(Collected data entries)
Start of Block
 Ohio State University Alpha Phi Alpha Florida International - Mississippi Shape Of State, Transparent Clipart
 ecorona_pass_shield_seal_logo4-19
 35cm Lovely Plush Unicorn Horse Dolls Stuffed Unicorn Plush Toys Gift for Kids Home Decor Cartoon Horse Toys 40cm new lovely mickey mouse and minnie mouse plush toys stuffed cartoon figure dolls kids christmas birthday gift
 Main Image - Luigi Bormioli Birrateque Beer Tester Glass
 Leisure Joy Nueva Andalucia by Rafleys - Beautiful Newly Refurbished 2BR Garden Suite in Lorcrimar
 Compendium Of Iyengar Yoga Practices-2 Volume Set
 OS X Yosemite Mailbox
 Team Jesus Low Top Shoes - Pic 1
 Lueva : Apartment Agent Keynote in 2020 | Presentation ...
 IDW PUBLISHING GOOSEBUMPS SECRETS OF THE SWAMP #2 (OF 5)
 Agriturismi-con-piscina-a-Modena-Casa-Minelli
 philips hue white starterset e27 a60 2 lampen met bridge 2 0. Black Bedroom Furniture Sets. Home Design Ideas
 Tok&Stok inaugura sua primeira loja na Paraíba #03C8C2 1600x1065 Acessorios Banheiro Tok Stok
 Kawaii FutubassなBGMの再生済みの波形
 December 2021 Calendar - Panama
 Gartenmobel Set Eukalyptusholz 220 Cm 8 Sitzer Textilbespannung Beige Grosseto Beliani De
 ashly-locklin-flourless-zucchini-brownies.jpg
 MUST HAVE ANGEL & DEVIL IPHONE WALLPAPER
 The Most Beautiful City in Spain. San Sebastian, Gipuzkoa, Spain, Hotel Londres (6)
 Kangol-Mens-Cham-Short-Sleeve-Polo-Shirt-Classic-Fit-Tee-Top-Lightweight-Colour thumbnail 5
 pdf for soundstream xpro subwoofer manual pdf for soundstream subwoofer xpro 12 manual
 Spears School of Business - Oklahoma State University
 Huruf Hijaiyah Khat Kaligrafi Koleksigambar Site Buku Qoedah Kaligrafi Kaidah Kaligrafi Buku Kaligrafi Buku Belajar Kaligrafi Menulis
End of Block
→ Exercise description:
Restate exactly, and only, every line from the one that contains "OS X Yosemite Mailbox" through the last line of the records.

→ Solution to this problem:
 OS X Yosemite Mailbox
 Team Jesus Low Top Shoes - Pic 1
 Lueva : Apartment Agent Keynote in 2020 | Presentation ...
 IDW PUBLISHING GOOSEBUMPS SECRETS OF THE SWAMP #2 (OF 5)
 Agriturismi-con-piscina-a-Modena-Casa-Minelli
 philips hue white starterset e27 a60 2 lampen met bridge 2 0. Black Bedroom Furniture Sets. Home Design Ideas
 Tok&Stok inaugura sua primeira loja na Paraíba #03C8C2 1600x1065 Acessorios Banheiro Tok Stok
 Kawaii FutubassなBGMの再生済みの波形
 December 2021 Calendar - Panama
 Gartenmobel Set Eukalyptusholz 220 Cm 8 Sitzer Textilbespannung Beige Grosseto Beliani De
 ashly-locklin-flourless-zucchini-brownies.jpg
 MUST HAVE ANGEL & DEVIL IPHONE WALLPAPER
 The Most Beautiful City in Spain. San Sebastian, Gipuzkoa, Spain, Hotel Londres (6)
 Kangol-Mens-Cham-Short-Sleeve-Polo-Shirt-Classic-Fit-Tee-Top-Lightweight-Colour thumbnail 5
 pdf for soundstream xpro subwoofer manual pdf for soundstream subwoofer xpro 12 manual
 Spears School of Business - Oklahoma State University
 Huruf Hijaiyah Khat Kaligrafi Koleksigambar Site Buku Qoedah Kaligrafi Kaidah Kaligrafi Buku Kaligrafi Buku Belajar Kaligrafi Menulis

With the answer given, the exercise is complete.